• Data
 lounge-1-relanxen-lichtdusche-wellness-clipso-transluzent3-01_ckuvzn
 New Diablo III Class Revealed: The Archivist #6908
--
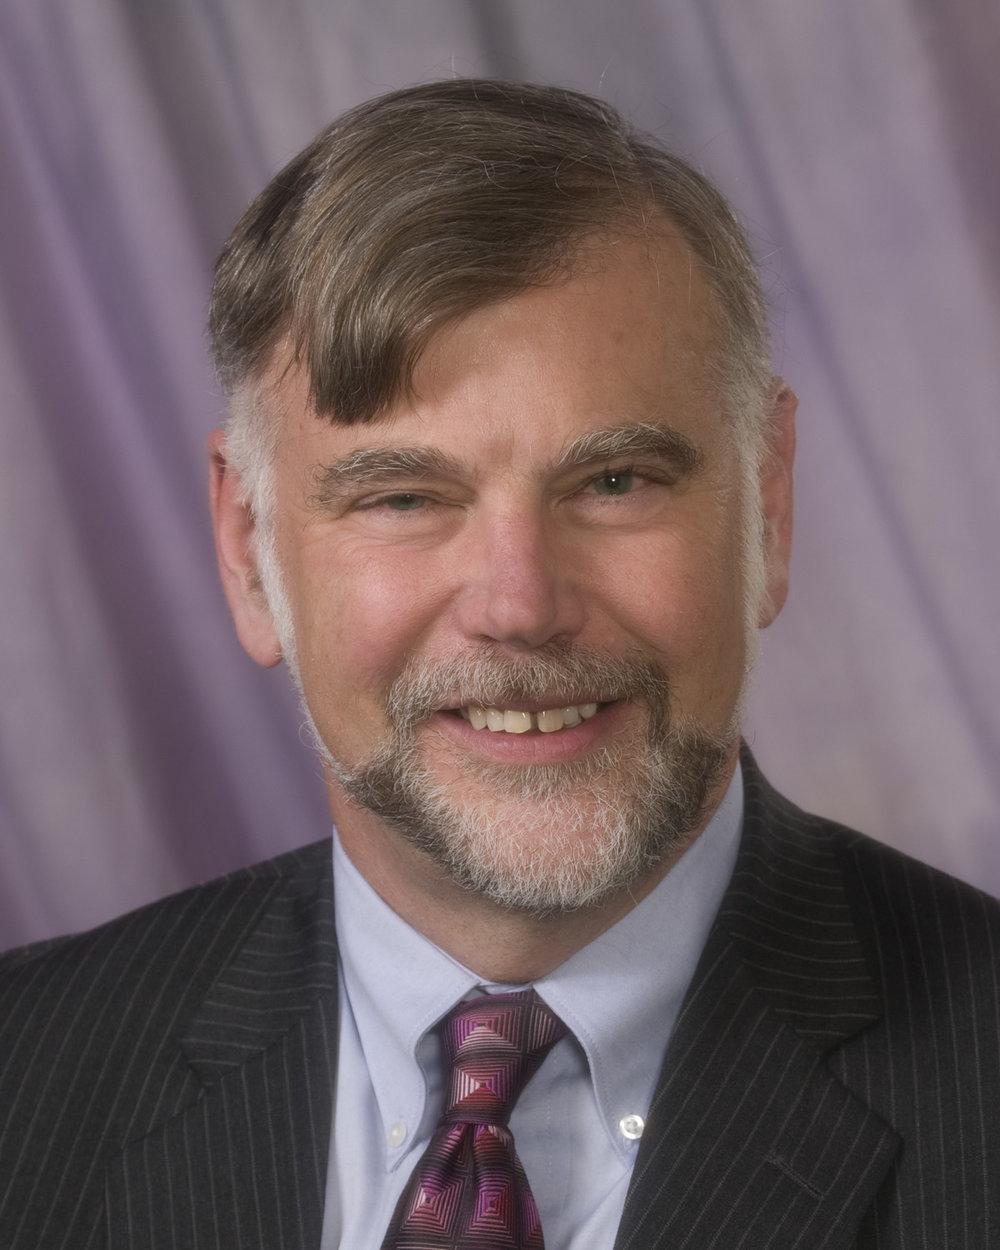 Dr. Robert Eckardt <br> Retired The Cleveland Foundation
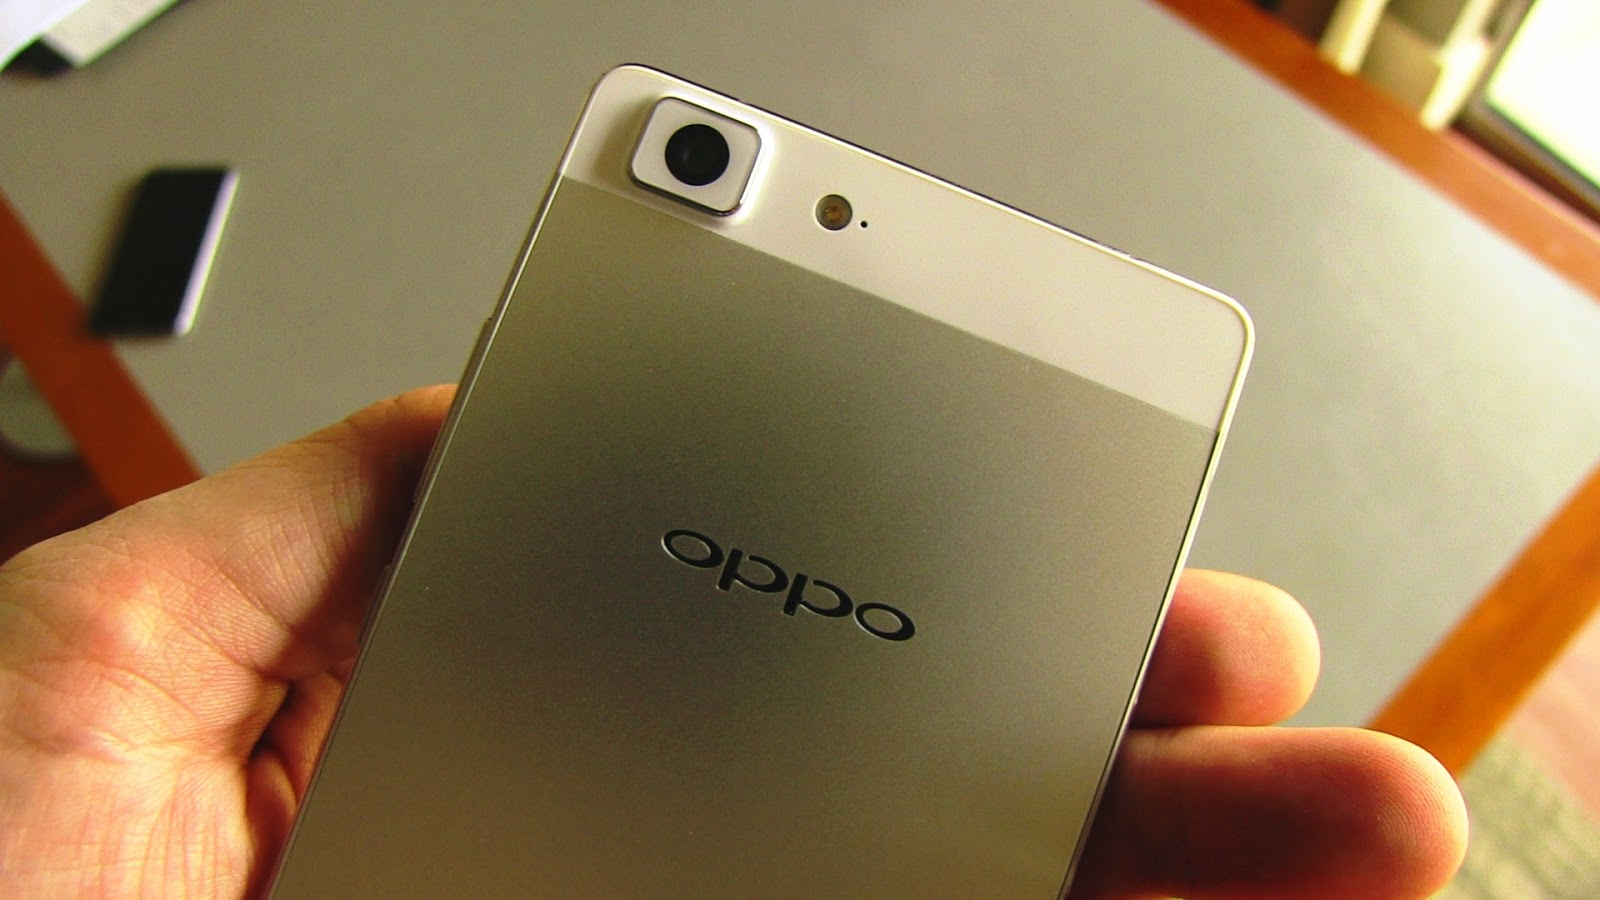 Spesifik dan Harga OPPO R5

• What is needed
Look above for the line containing "Dr. Robert Eckardt", then write out every line from there down to the line containing "Spesifik dan Harga OPPO R5", that line included, with no pictures.

• Task response
 Dr. Robert Eckardt <br> Retired The Cleveland Foundation
 Spesifik dan Harga OPPO R5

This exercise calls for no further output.